I am a Marie Sklodowska-Curie Early Stage Researcher in the MAGISTER consortium which seeks to utilize machine learning to understand and predict thermoacoustic oscillations in aircraft engines or gas turbines. My job, as I see it, is to serve as a liasion between the probabilistic machine learning group led by my PhD supervisor Professor Carl Rasmussen and the flow instability and adjoint optimization group led by my advisor Professor Matthew Juniper. We are currently looking at data from both small-scale and large-scale combustors to explore how ML techniques can use this data to enable both better designs and safe operation for these machines.

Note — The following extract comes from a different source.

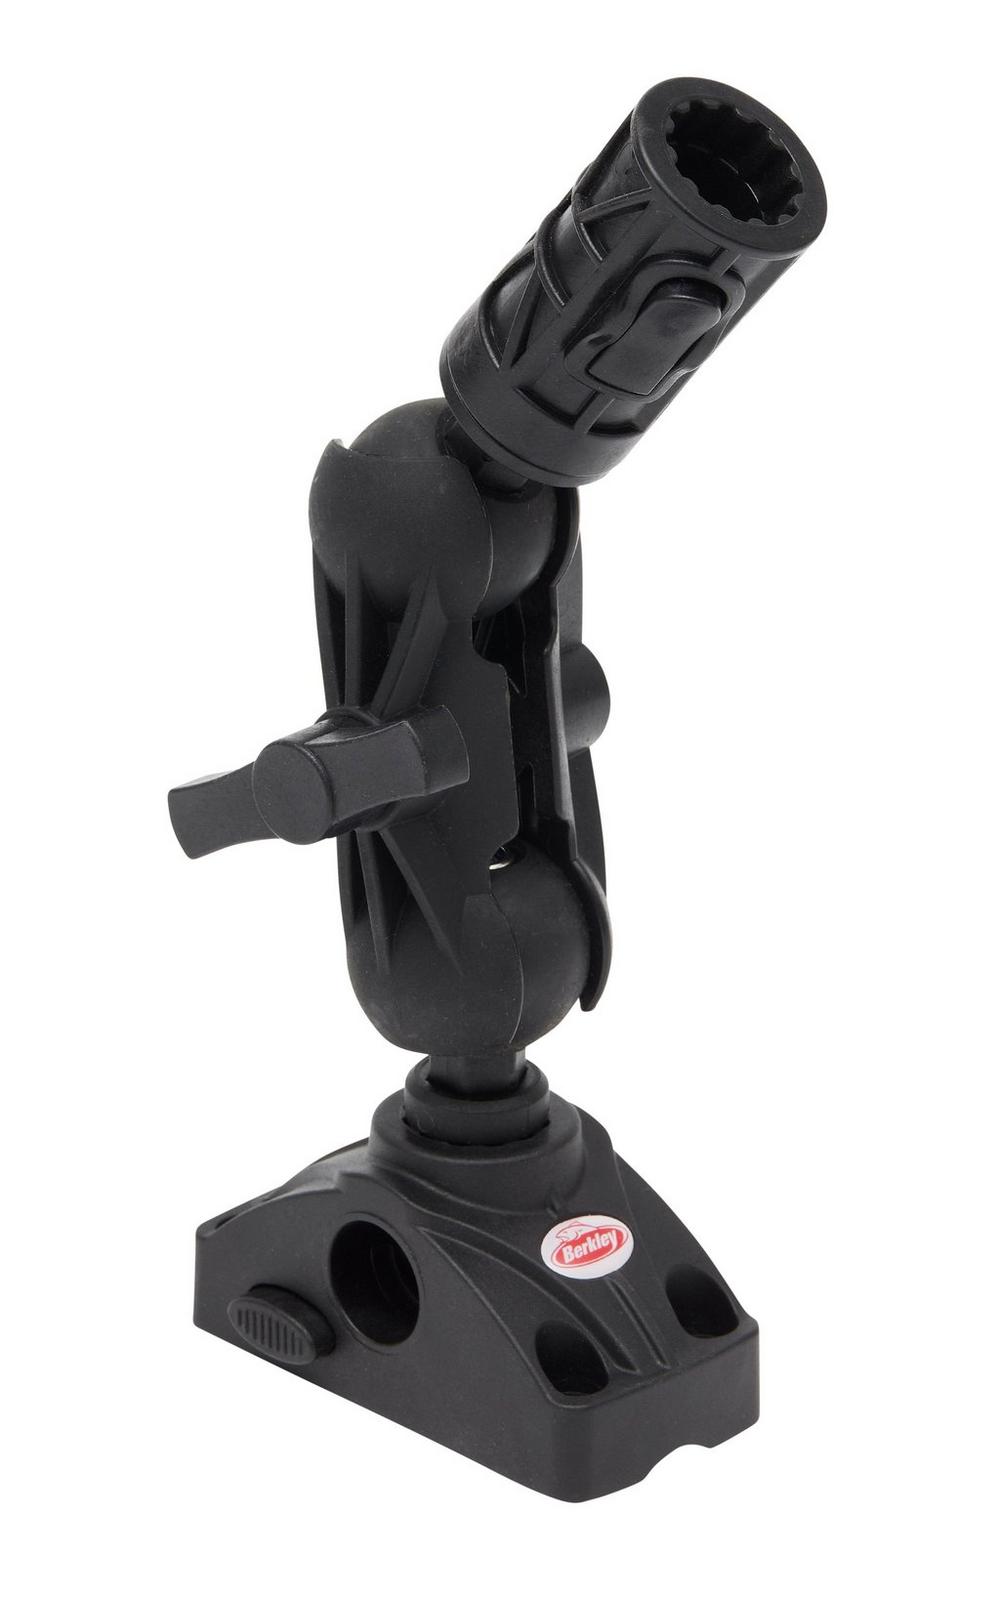 Support Berkley Ball M. System With Quick Release Lock

Broadly speaking, I am interested in high-stakes applications of probabilistic machine learning techniques. The consequences of failure for an ML algorithm that monitors the sensors of an aircraft engine are very different from one that recognizes faces in social media photos or recommends music. These critical applications often place a high premium on principled uncertainty estimates, applicability to limited datasets and interpretability: something probabilistic machine learning techniques like Gaussian processes can offer. Marrying these completely data-driven techniques with physical modeling for more robust predictions and sensible extrapolations is also something that intrigues me.

I am also a dilettante computational chemist and am curious about how probabilistic machine learning can improve our ability to predict protein aggregation and protein dynamics. Protein aggregates, of course, play both functional and pathological roles in the human body while protein dynamics is crucial to the functioning of many enzymes. Compared to the static structure prediction problem, however, both aggregation and dynamics are harder to characterize experimentally and lack extensive databases. Can Bayesian techniques shine in this data-limited regime and achieve results comparable to expensive simulations which consume many thousand of supercomputer core-hours?